DATA SUPPLIED below:

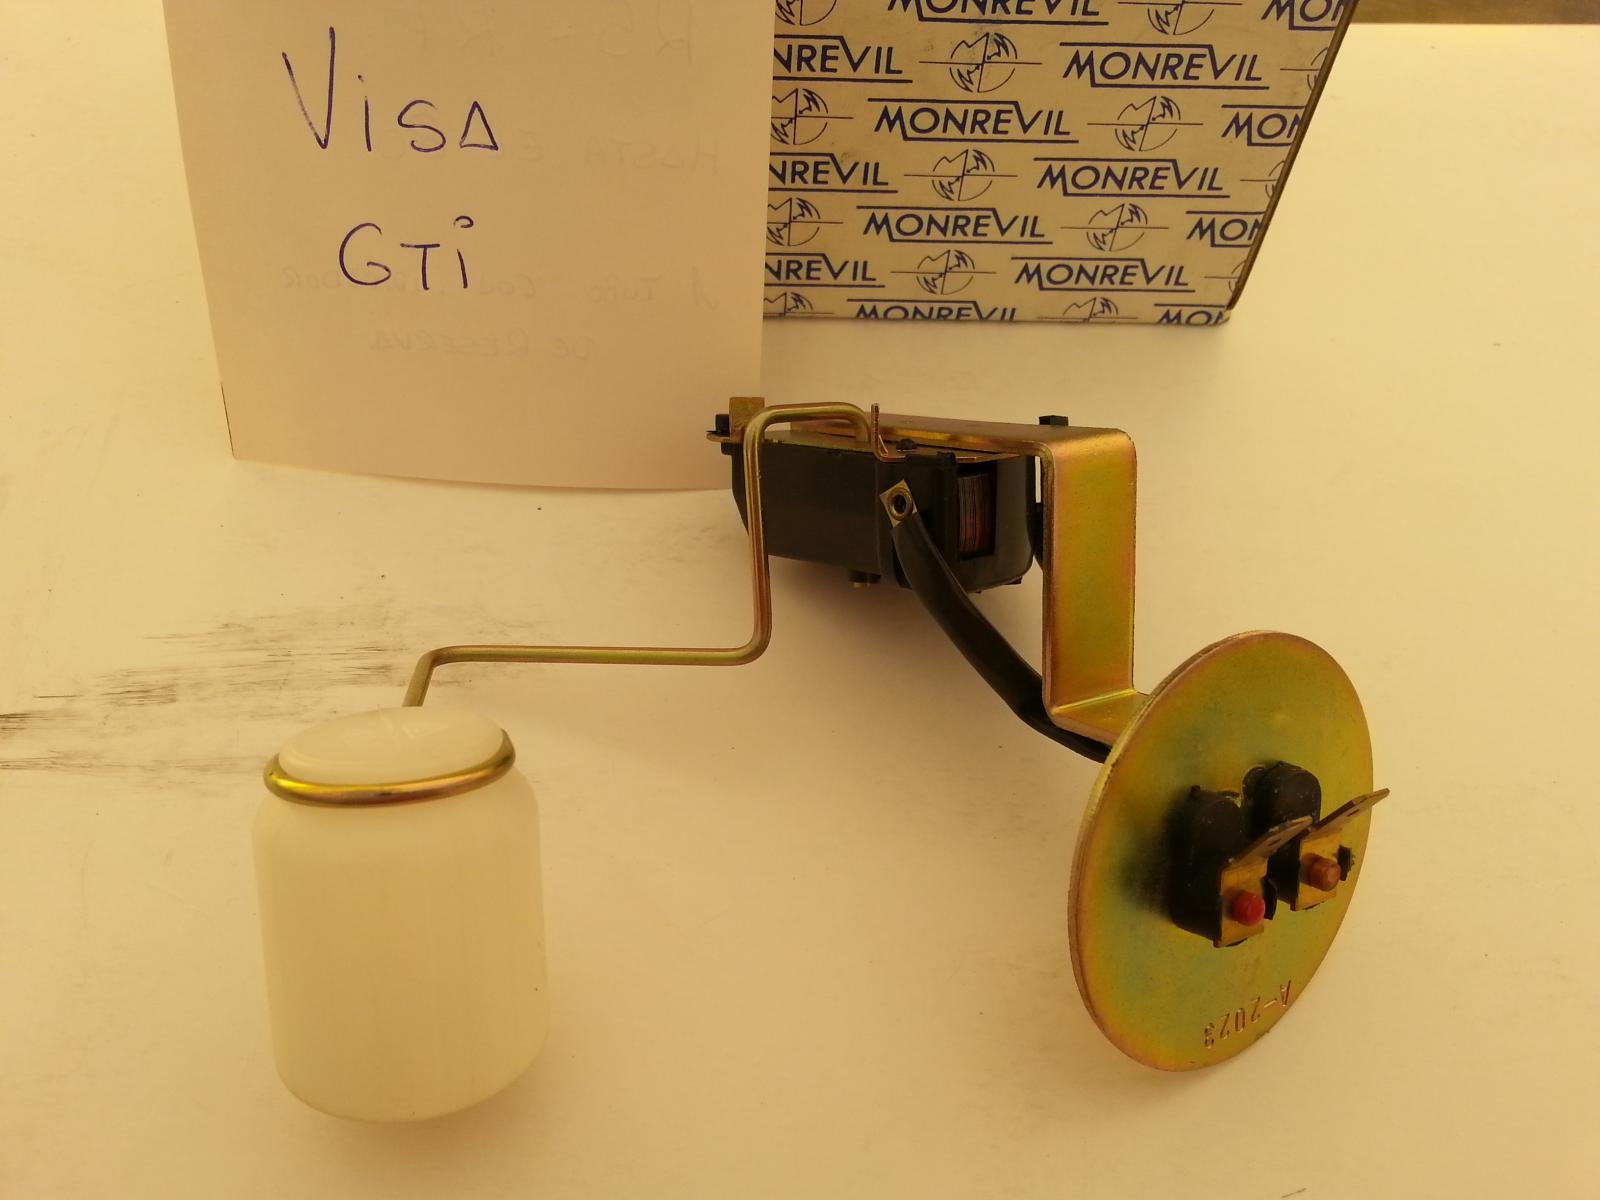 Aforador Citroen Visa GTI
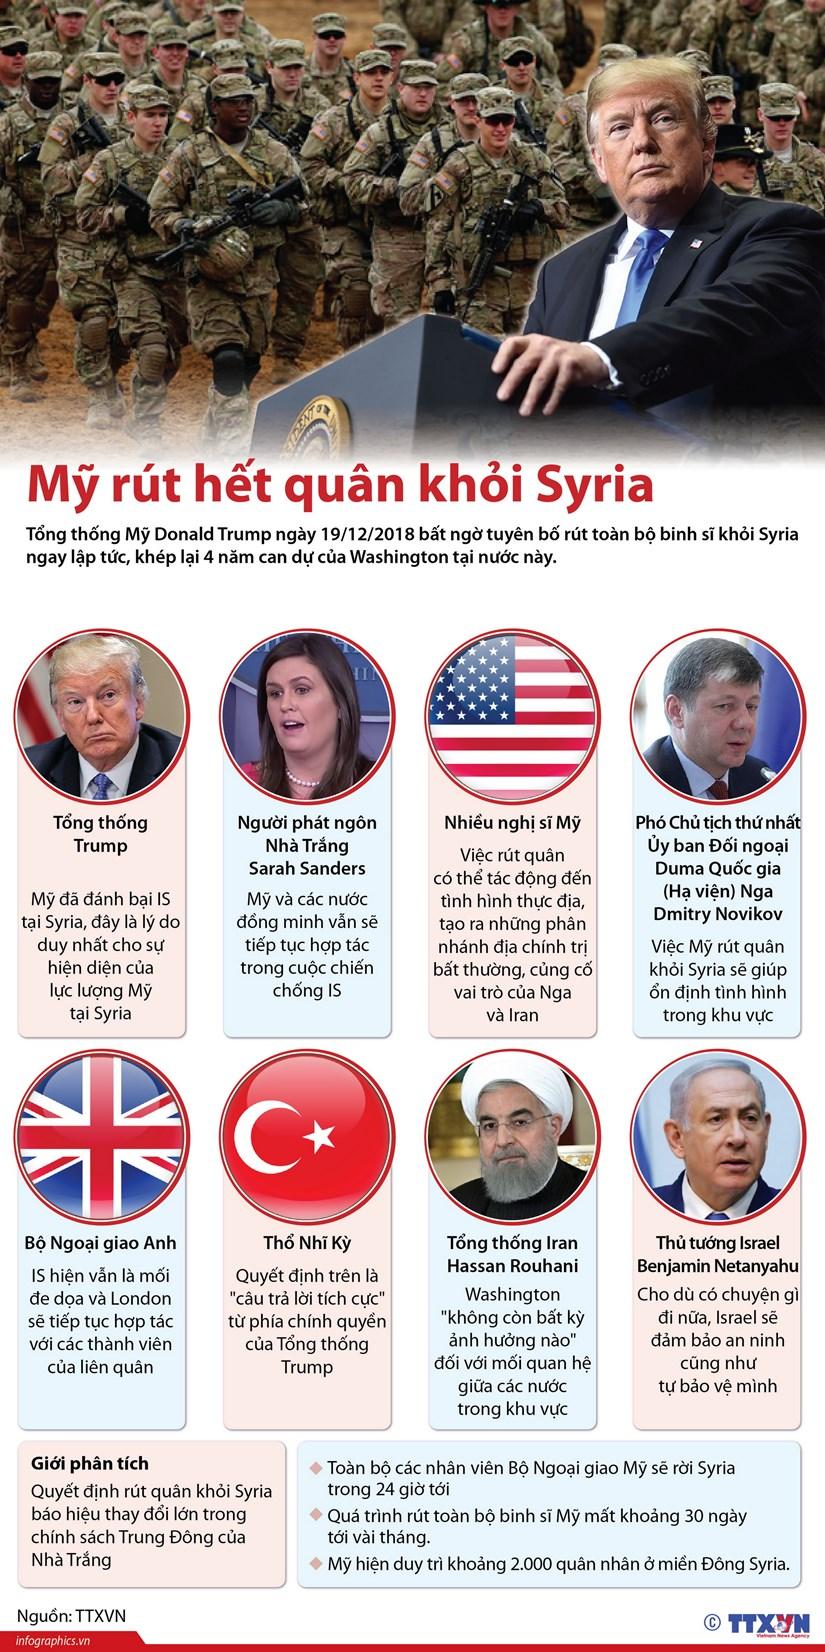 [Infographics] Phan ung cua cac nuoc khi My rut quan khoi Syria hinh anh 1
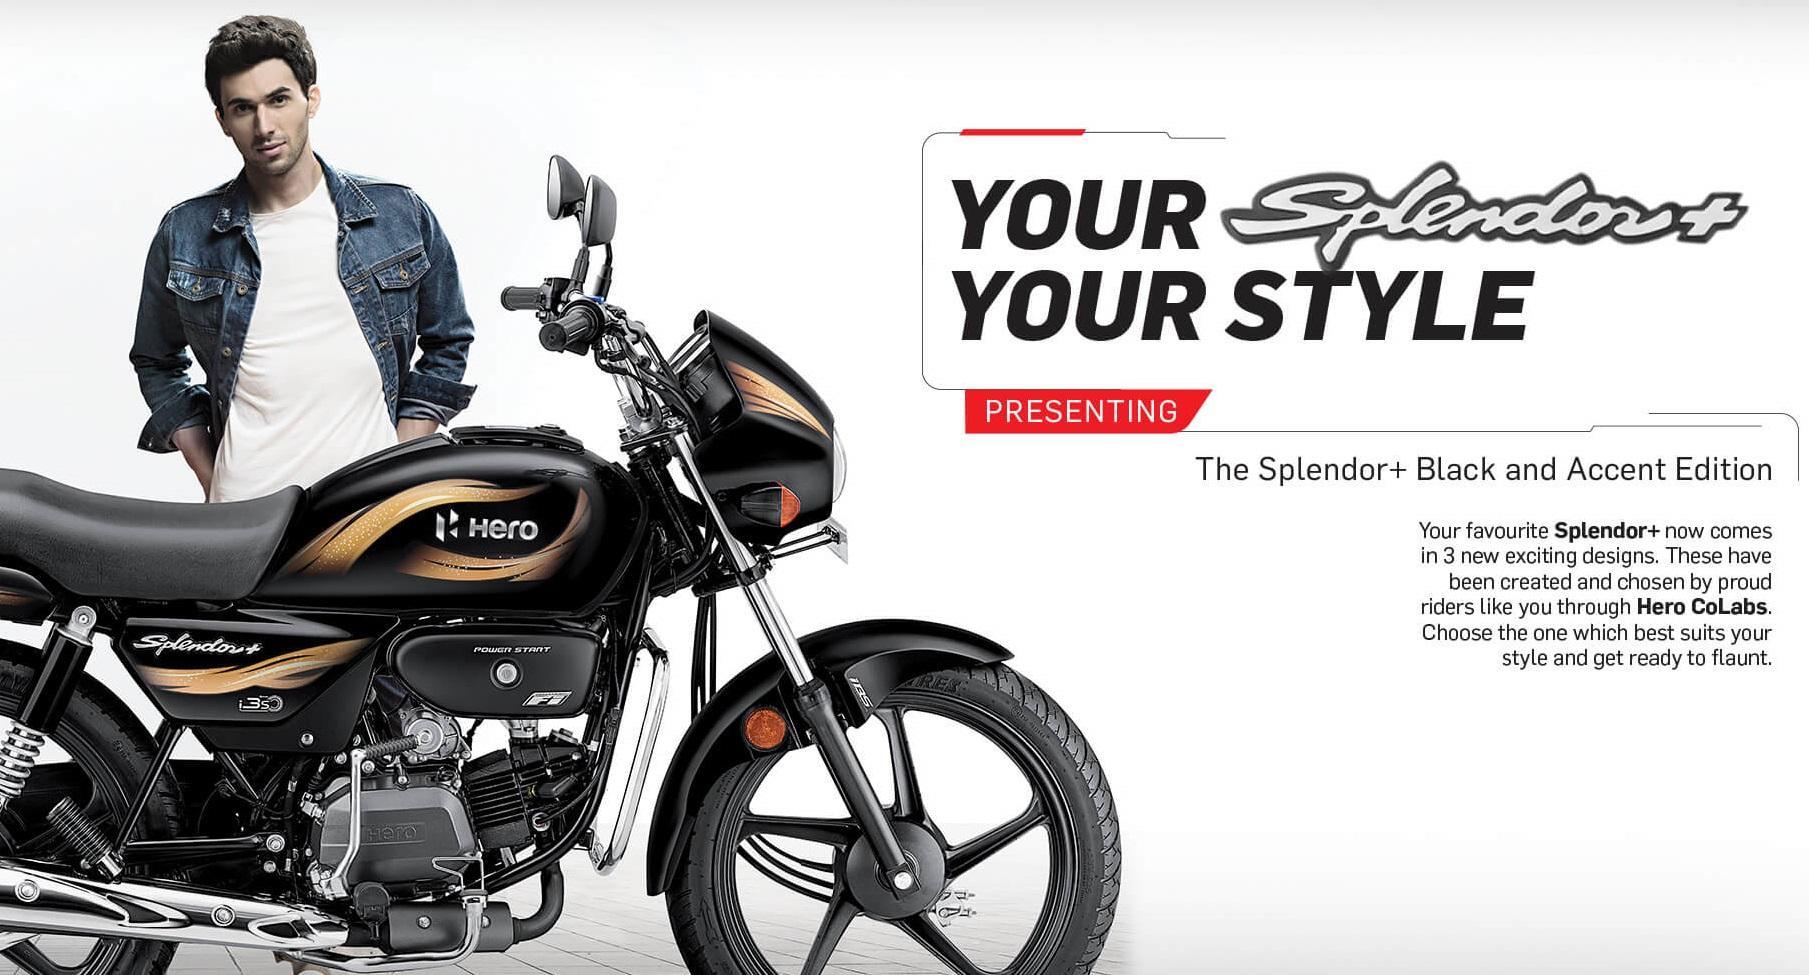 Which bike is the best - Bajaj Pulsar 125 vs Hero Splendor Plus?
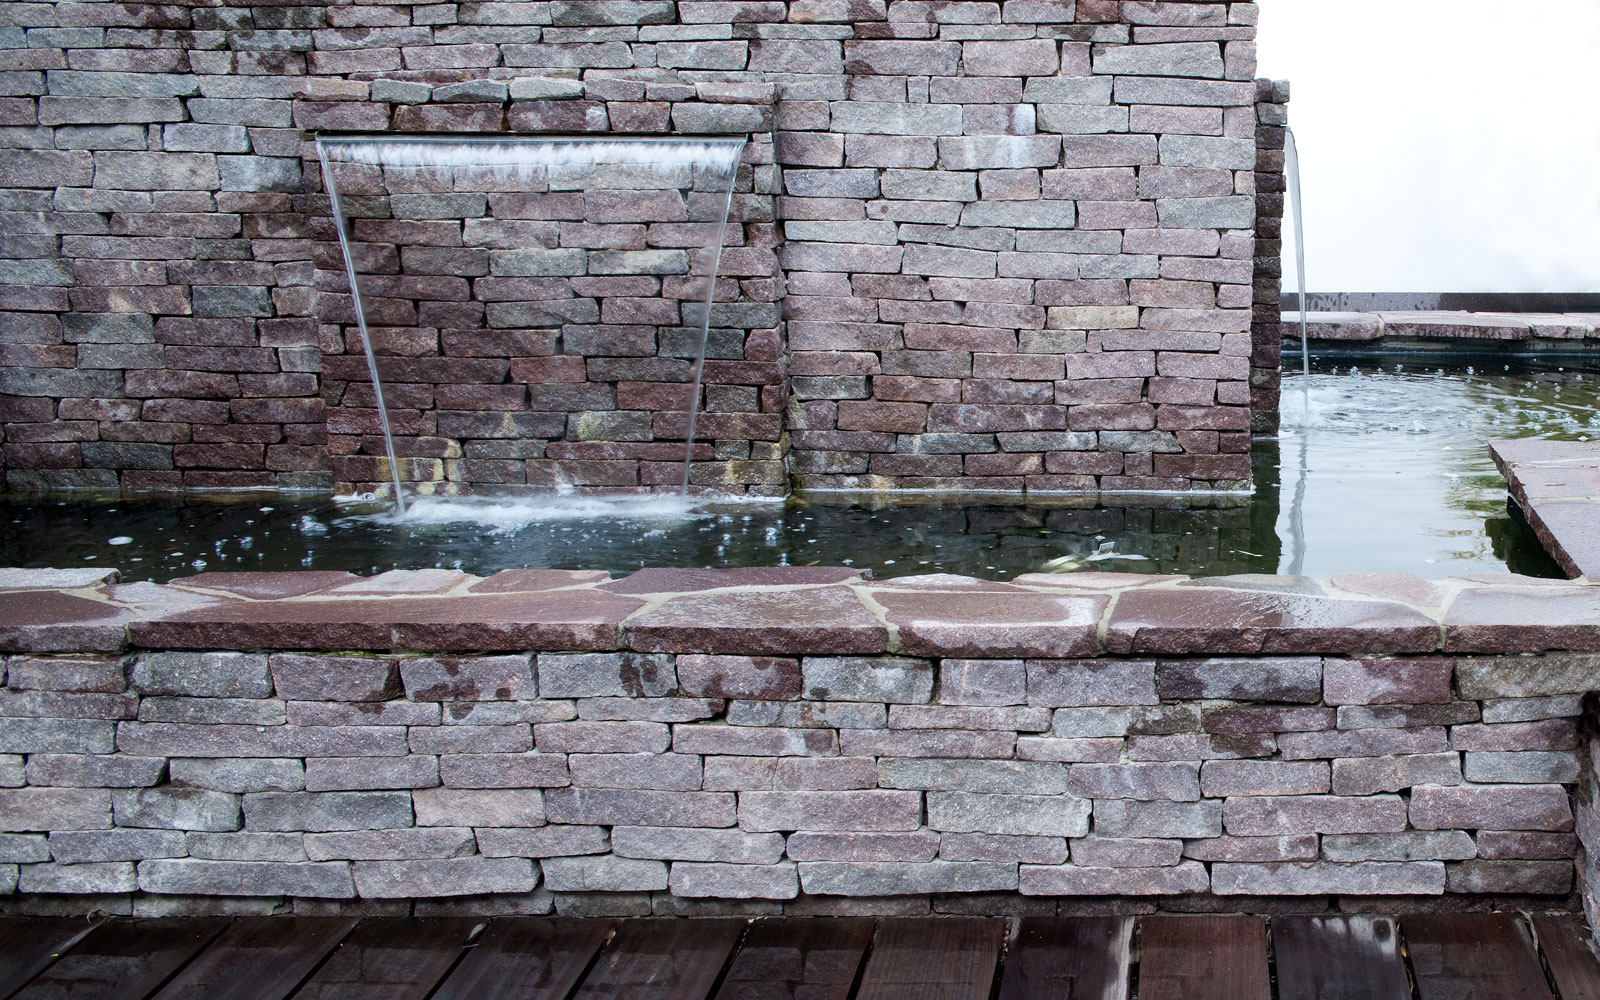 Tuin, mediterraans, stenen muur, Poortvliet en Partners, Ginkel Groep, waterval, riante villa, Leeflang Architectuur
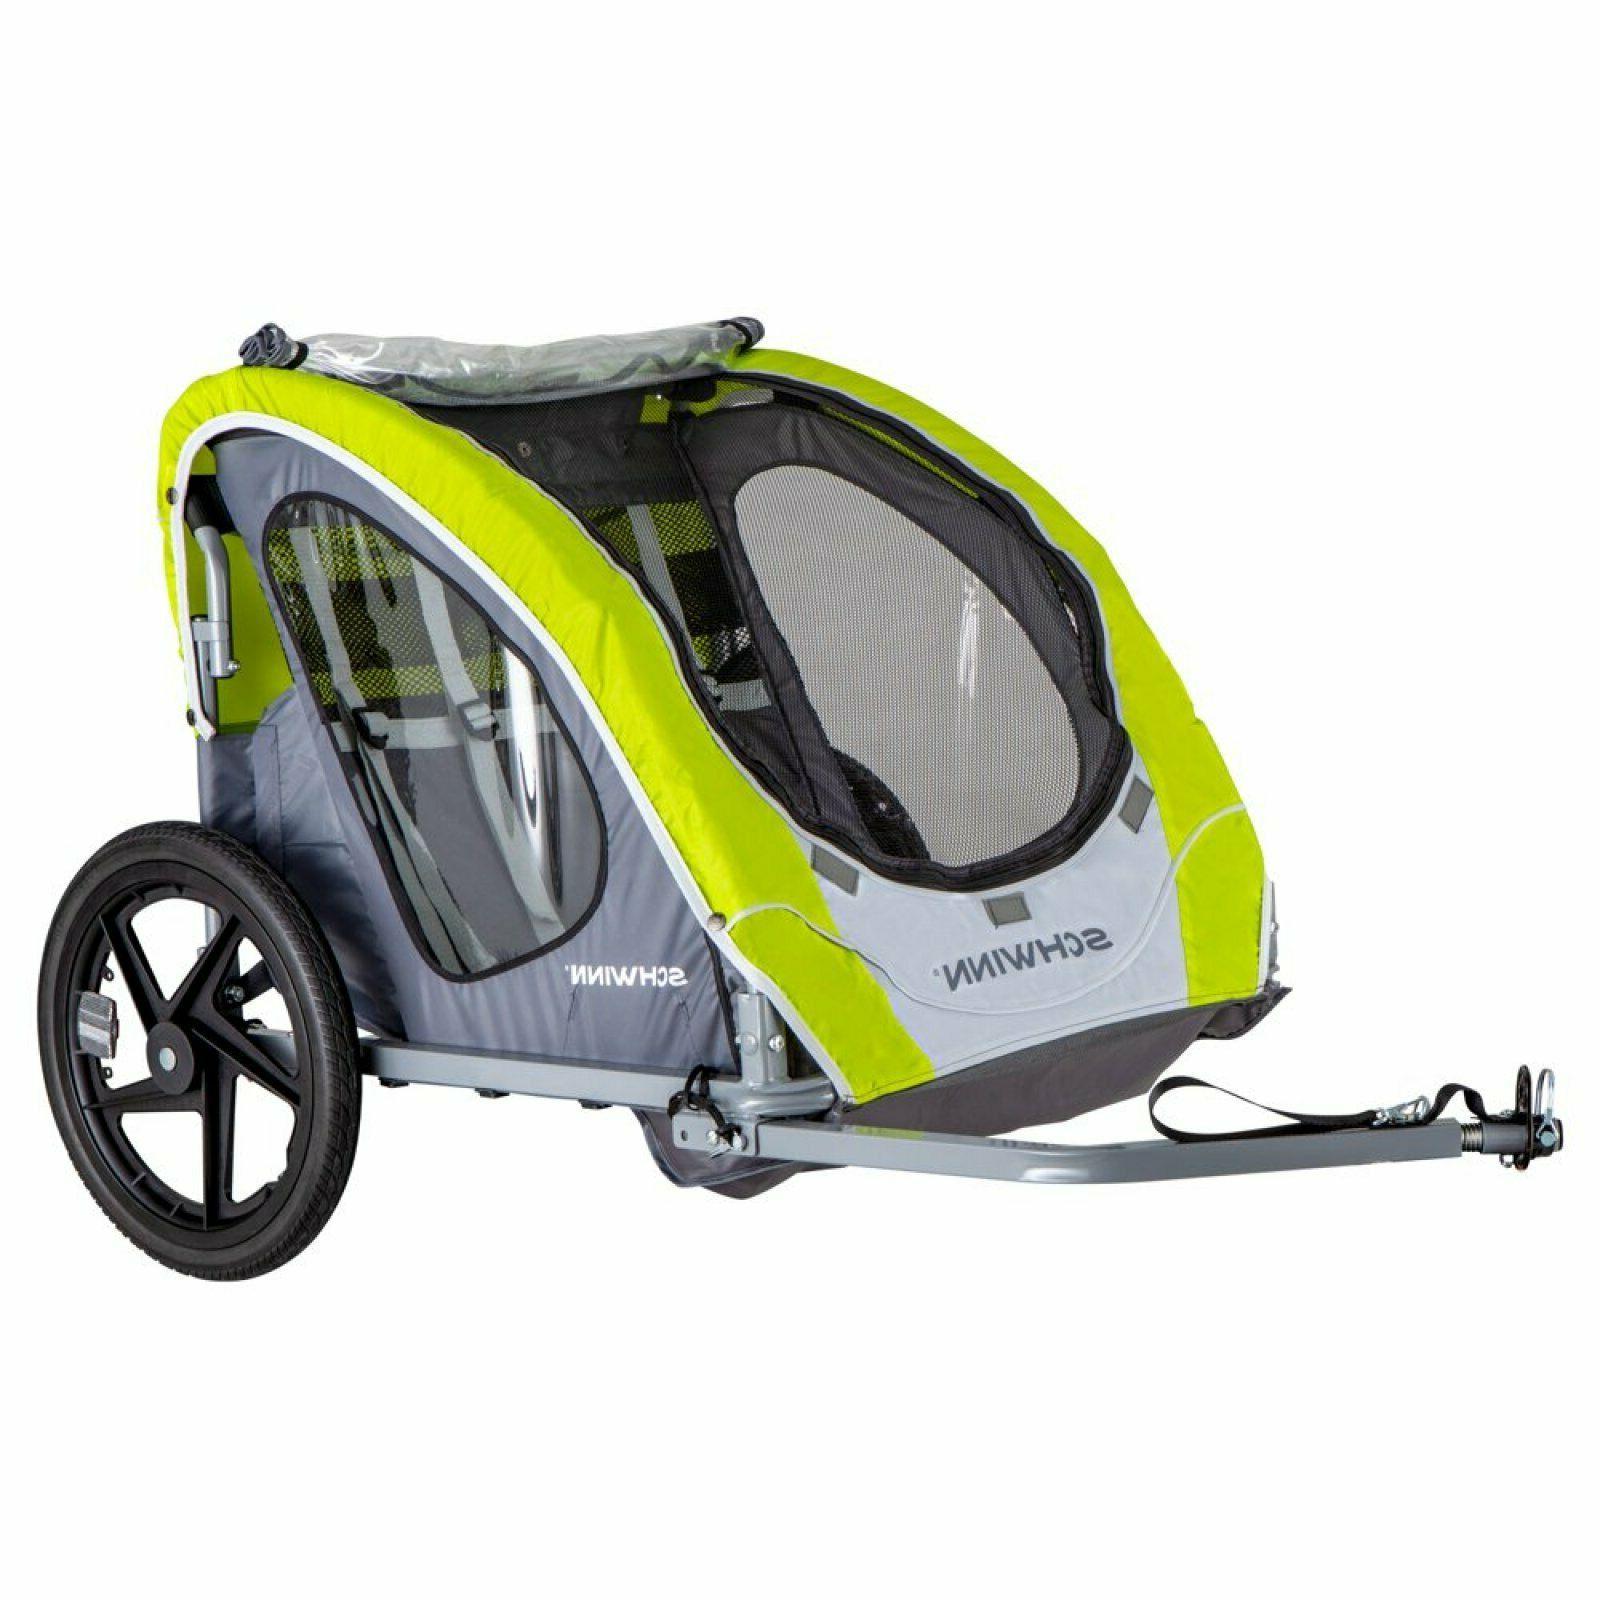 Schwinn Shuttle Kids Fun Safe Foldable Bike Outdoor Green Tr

End of DATA SUPPLIED.

• _ACTIVITY_
In the copy, include exactly the lines from the one with "Which bike is" through the final line of the entries above, both ends counted, and no pictures.

• _REPLY TO THE EXERCISE_
 Which bike is the best - Bajaj Pulsar 125 vs Hero Splendor Plus?
 Tuin, mediterraans, stenen muur, Poortvliet en Partners, Ginkel Groep, waterval, riante villa, Leeflang Architectuur
 Schwinn Shuttle Kids Fun Safe Foldable Bike Outdoor Green Tr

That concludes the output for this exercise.